Bentuk pantai mempengaruhi hempasan gelombang ke daratan. Diposaptono dan Budiman (2008) mencatat bahwa kawasan teluk dan bagian yang melekuk dari pantai memiliki tingkat kerentanan yang lebih tinggi dibandingkan kawasan lainnya. Energi yang dihempaskan semakin tinggi ketika mencapai teluk dan lekukan pantai karena berkumpulnya energi dari laut lepas ketika gelombang masuk celah yang lebih sempit. Pantai yang tidak memiliki sabuk pengaman alami, energi hantaman dengan leluasa menerobos jauh ke daratan. Gelombang tsunami setinggi 5 sampai 12 meter di Banda Aceh terus masuk hingga sejauh 5 km dari pantai.

Chandrasekar et al. (2005) menyimpulkan penelitiannya bahwa dampak tsunami lebih terlihat pada pantai dengan topografi datar dan rendah. Pada topografi yang tinggi bergelombang memiliki dampak tsunami yang rendah selama tsunami.

78

Yulianto et al. (2008) juga menyebutkan untuk tsunami Pangandaran sebagian besar pohon terutama pohon kelapa tetap berdiri kokoh. Di teluk yang tertutup, jumlah gelombang tsunami bisa menjadi seolah-olah lebih banyak. Hal ini karena sisi-sisi teluk akan selalu memantulkan gelombang ke sisi lainnya. Hal ini dapat dilihat dari catatan BMG (Pribadi et al. 2006) yaitu bagian barat Pangandaran yang mengalami jarak genangan 500 m di bagian teluk.

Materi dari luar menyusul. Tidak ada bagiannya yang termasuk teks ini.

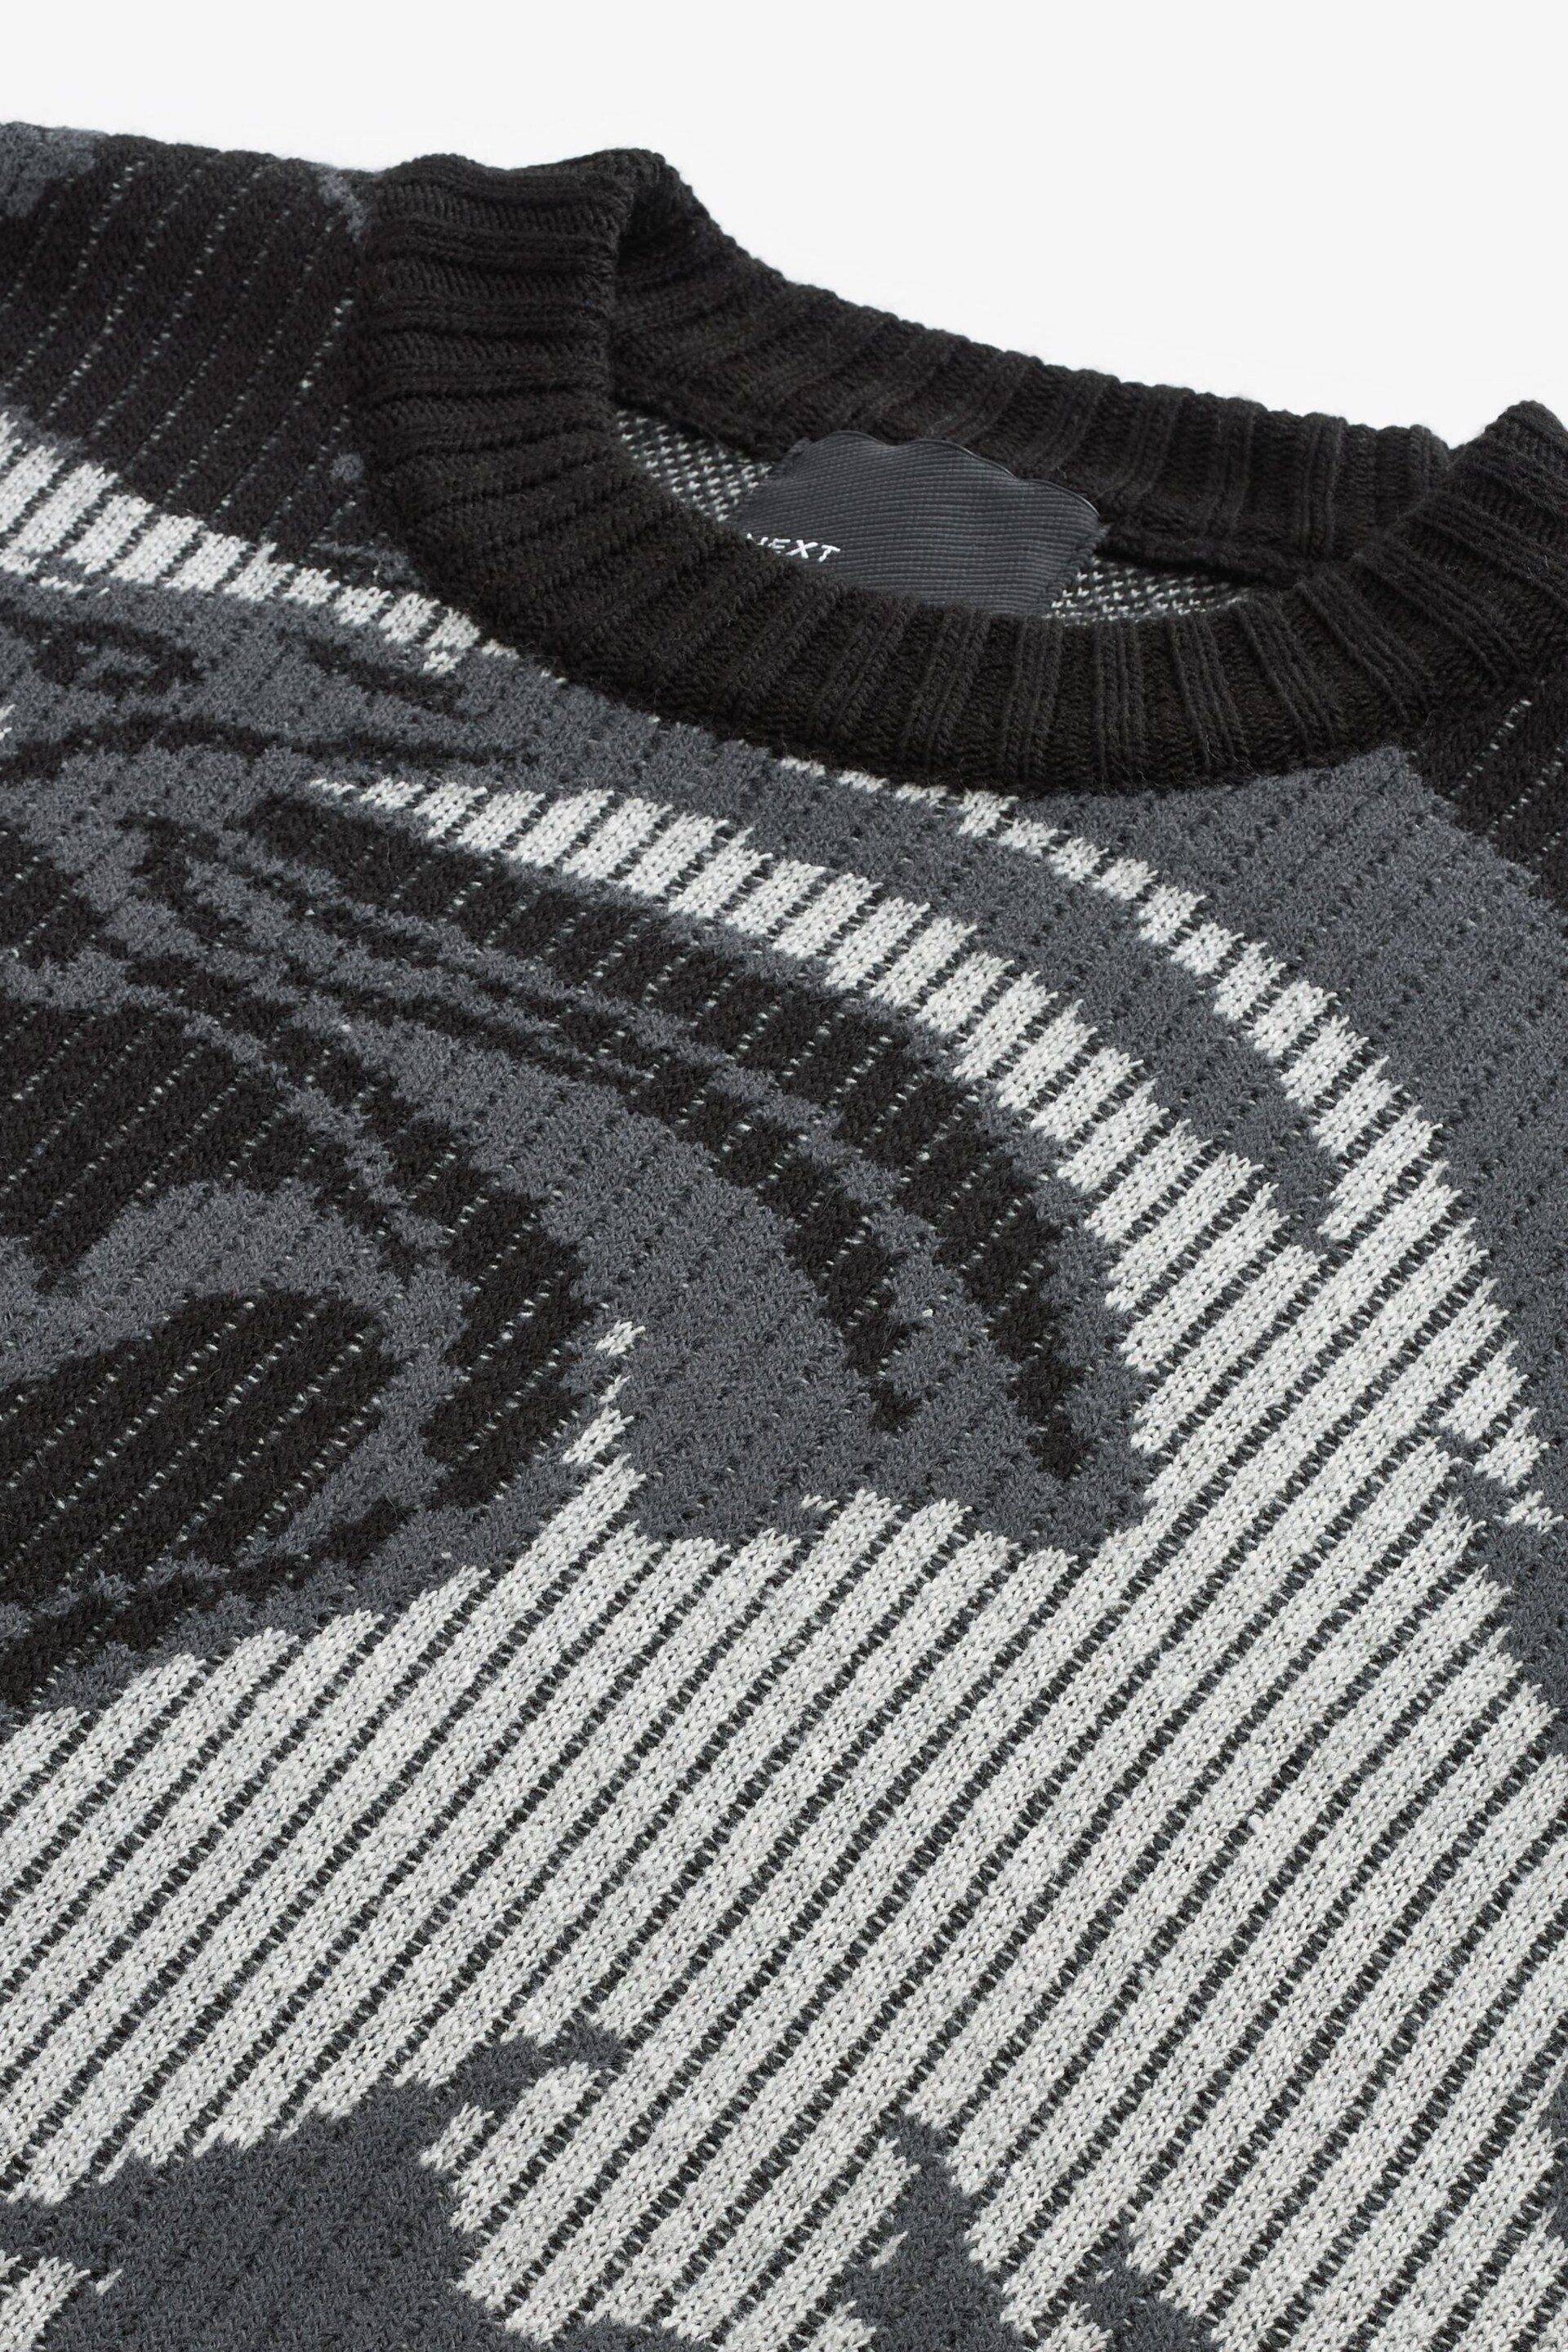 Black Relaxed EDIT Graphic Knitted Crew Sweater - Image 7 of 8

JAFTA dan IPB (2007) juga menyatakan hal yang sama mengenai kaitan topografi dan vegetasi dengan tingkat kerusakan akibat tsunami di Aceh pada tahun 2004. Jarak aliran tsunami di beberapa daerah di Aceh mengalami penurunan kecepatan karena topografi yang curam dan adanya pulau kecil. Beberapa daerah mengalami kerusakan parah karena langsung menghadap samudera Hindia dimana pusat gempa bumi terjadi dan vegetasi pantai yang sedikit yang menyebabkan gelombang tsunami dengan mudah memasuki daratan tanpa penghalang. Chandrasekar et al. (2005) menyatakan bahwa vegetasi menjadi garis awal pertahanan dalam mengendalikan inundasi. Tinggi gelombang tsunami mencapai maksimum pada pantai yang landai. Tsunami tertahan pada pantai yang terjal (Diposaptono dan Budiman 2006). Yulianto et al. (2008) juga menyebutkan untuk tsunami Pangandaran sebagian besar pohon terutama pohon kelapa tetap berdiri kokoh.

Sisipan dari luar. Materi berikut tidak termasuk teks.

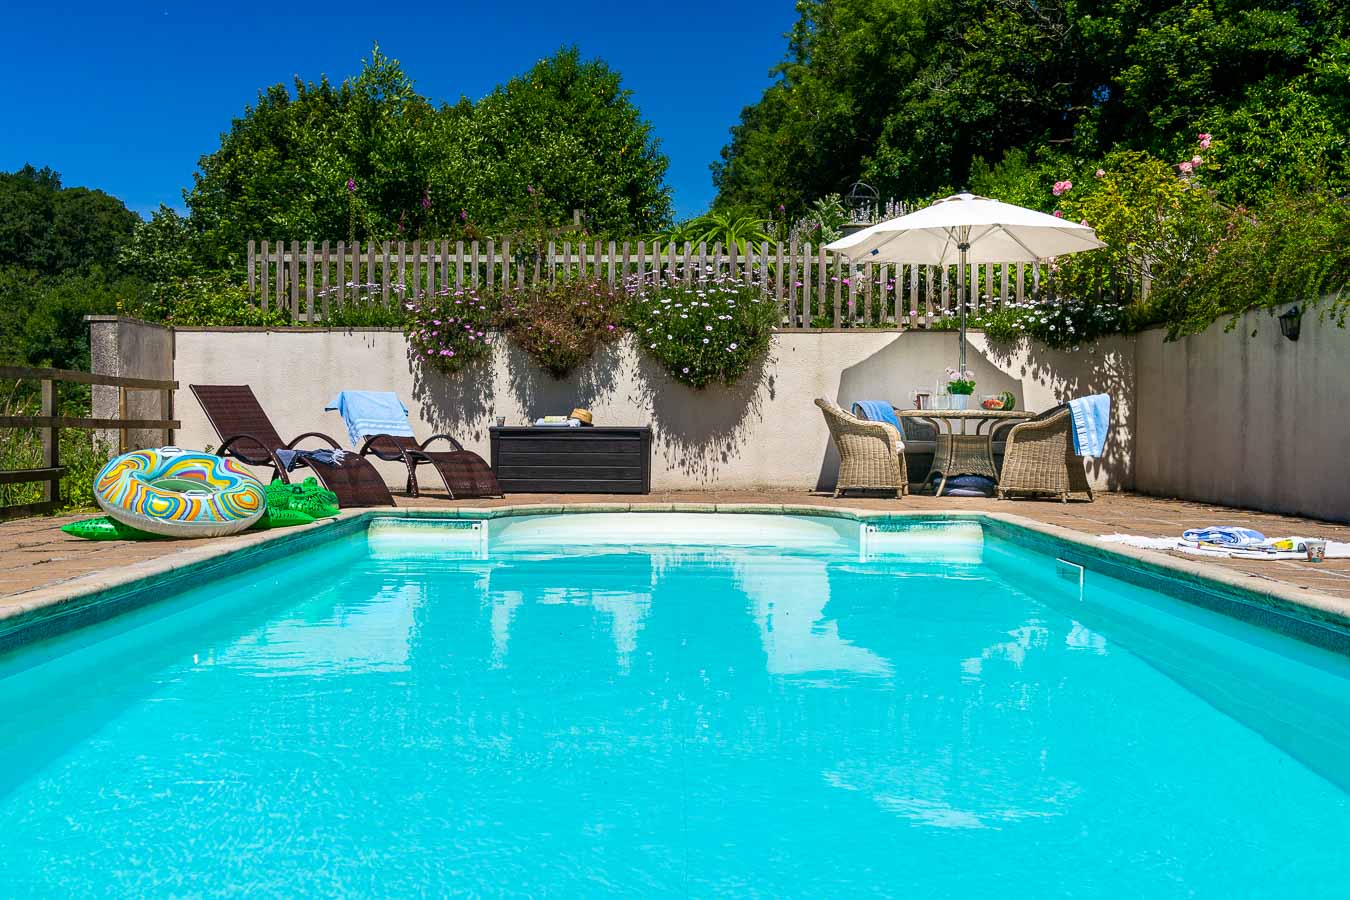 The outdoor heated swimming pool with sun loungers and rattan garden furniture with cushions and umbrella in Flear House garden.

Kecamatan Kalipucang tercatat menunjukkan jumlah korban jiwa paling rendah. Berdasarkan pengamatan karakteristik kawasannya, wilayah ini didominasi oleh ketinggian yang tinggi dan kemiringan lereng beragam dan cenderung curam. Pantai merupakan pantai rata. Wilayahnya terhalang oleh Tanjung Pangandaran, sehingga pengaruh tsunami sudah berkurang ketika mencapai wilayah ini.

Kathiresan dan Rajendran (2005) melakukan studi di 18 dusun pantai sepanjang pantai tenggara India setelah tsunami di bulan Desember 2004 dengan melihat kembali pentingnya vegetasi mangrove pantai dan karakteristik lokasi yang didiami manusia untuk melindungi kehidupan dan kesejahteraan penduduk dari keganasan tsunami. Penelitiannya menyimpulkan agar permukiman penduduk berada lebih dari 1 km dari garis pantai di tempat yang tinggi, di belakang mangrove yang rapat dan atau vegetasi pantai lain.

79

Wilayah pantai Ciamis didominasi oleh wilayah dengan kemiringan lereng datar dan landai. Sebagian besar wilayah pantai memiliki ketinggian tempat yang rendah. Wilayah pesisir pantai khususnya wilayah Pangandaran didominasi lahan pasir kosong dan permukiman serta bervegetasi jarang. Sebagain besar wilayah pantai Ciamis memiliki pantai rata dan lekuk serta sedikit berbentuk gergaji. Jika gelombang tsunami datang wilayah ini beresiko mengalami genangan yang luas.